Как только майор резко махнул рукой, давая разрешение на взлет, я дал газу и стал разгоняться.
Оторвавшись от земли, убирал шасси и спросил у штурмана:
– Курс?
– Тридцать два.
– Поворачиваем, – сказал я бодрым тоном, хотя с меня градом тек пот. Машину я так и не смог почувствовать, не давалась она мне, и было впечатление, что долго ее не удержу.
– Как дела, командир? – спросил Никифоров.
– Плохие дела, товарищ политрук. Не чувствую я машину. Уже три минуты летим, на два километра поднялись, а машину я не чувствую! – Мне хотелось плакать: был такого мнения о себе, а тут такой облом!
Это самомнение я получил, пробуя летать на самых разных типах самолетов, и на первых же минутах сразу понимал, что и как можно с машиной делать. Чувствовал ее. Даже во время авиашоу во Франции над аэродромом Серни-Ферте-Алле под Парижем в прошлом году на B-24 «Либерейтор», который мне разрешил пилотировать хозяин этого самолета. Так я почти сразу его «понял»! Несмотря на то что рядом сидел хозяин и с тревогой смотрел, что я делаю. Однако спор с дядей Жорой – что не справлюсь с бомбером – он проиграл. Мои возможности он знал хорошо, чем беззастенчиво пользовался.

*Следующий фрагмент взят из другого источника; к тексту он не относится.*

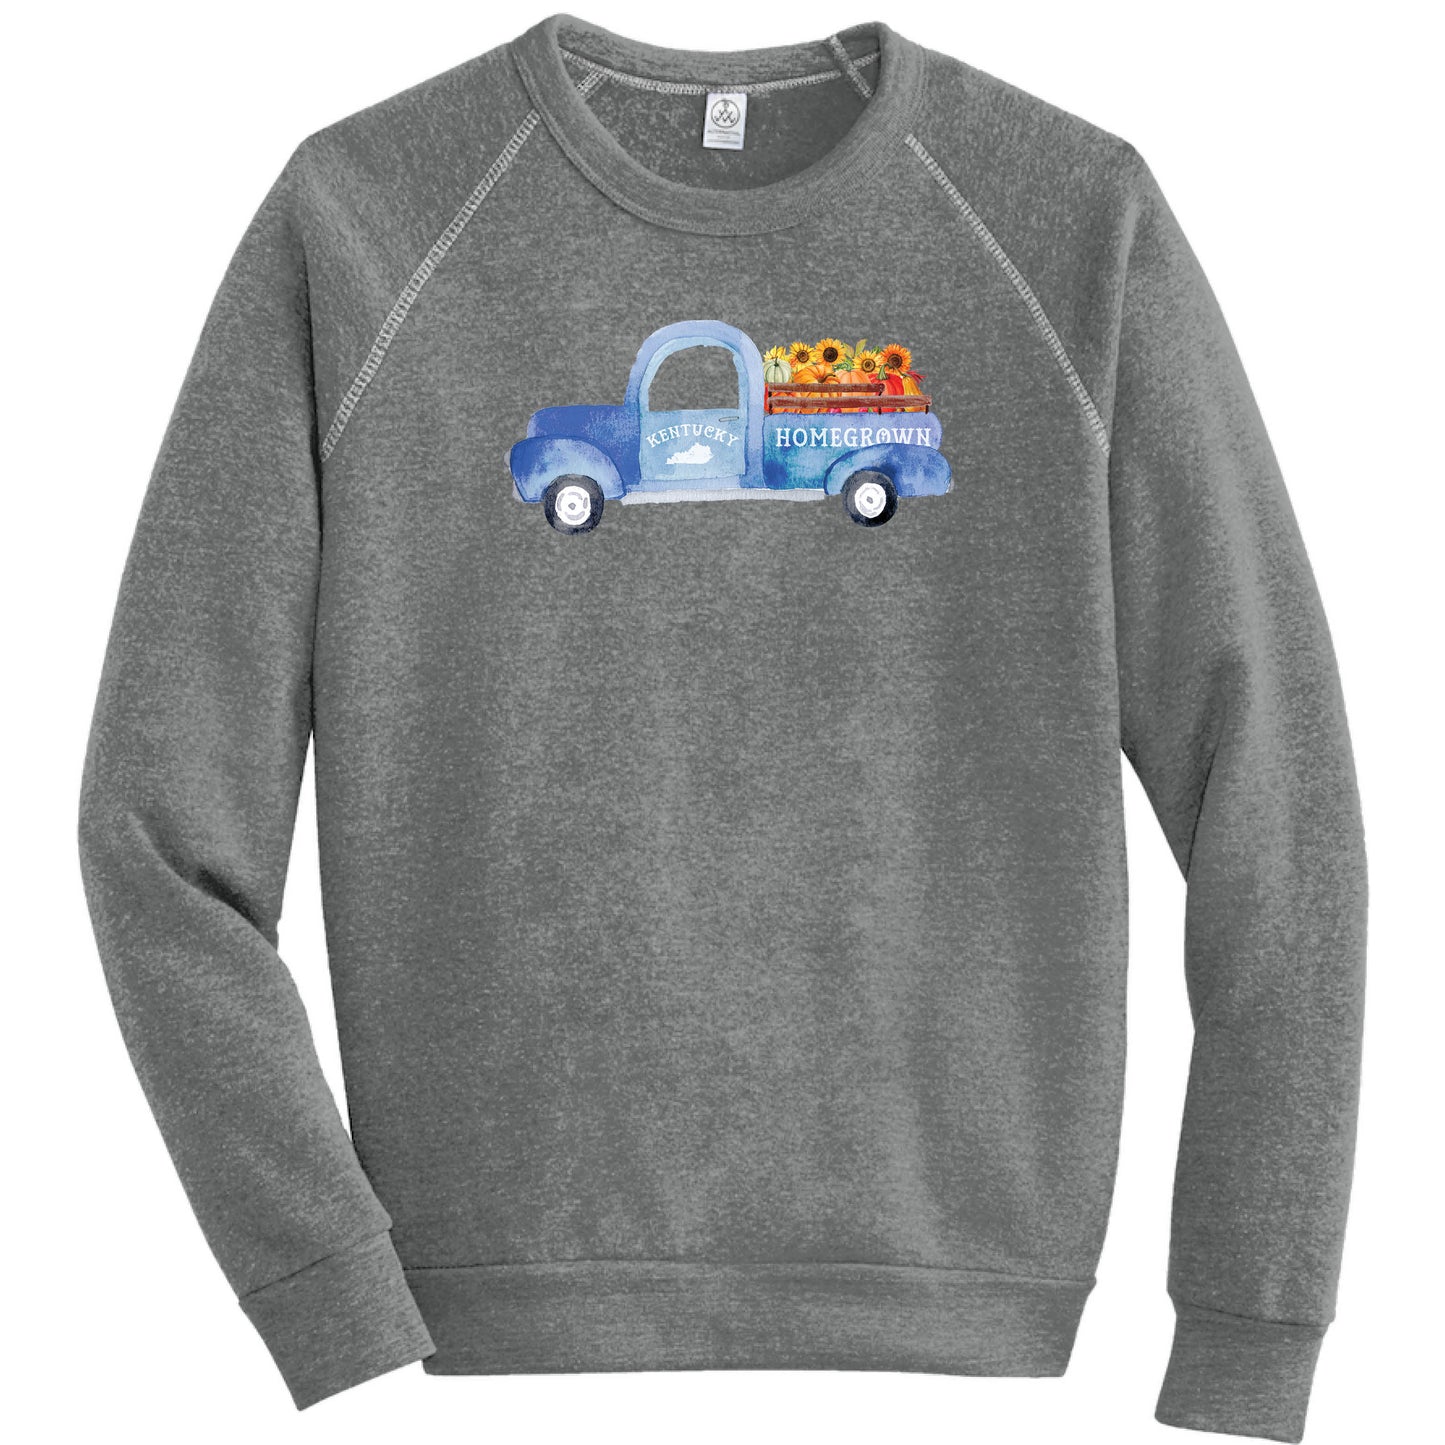 Kentucky Fall Homegrown Truck - Fleece Sweatshirt

– Возвращаться мы не можем… – начал было говорить Никифоров, но я досадливо перебил:
– Да не в этом дело! Я пока его не почувствовал, мне нужно время. Так что я сейчас буду делать небольшие маневры и виражи, вы внимания не обращайте, лучше за воздухом следите.
– Мы с курса сбились. Возьми на семь… это правее, – подсказал он.
– Знаю я, как ориентироваться, – пробурчал я, делая осторожный поворот направо.
Через некоторое время впереди показалась линия фронта. Благодаря дымам от горящей техники она была хорошо заметна.
– Курс семнадцать, – скомандовал Никифоров.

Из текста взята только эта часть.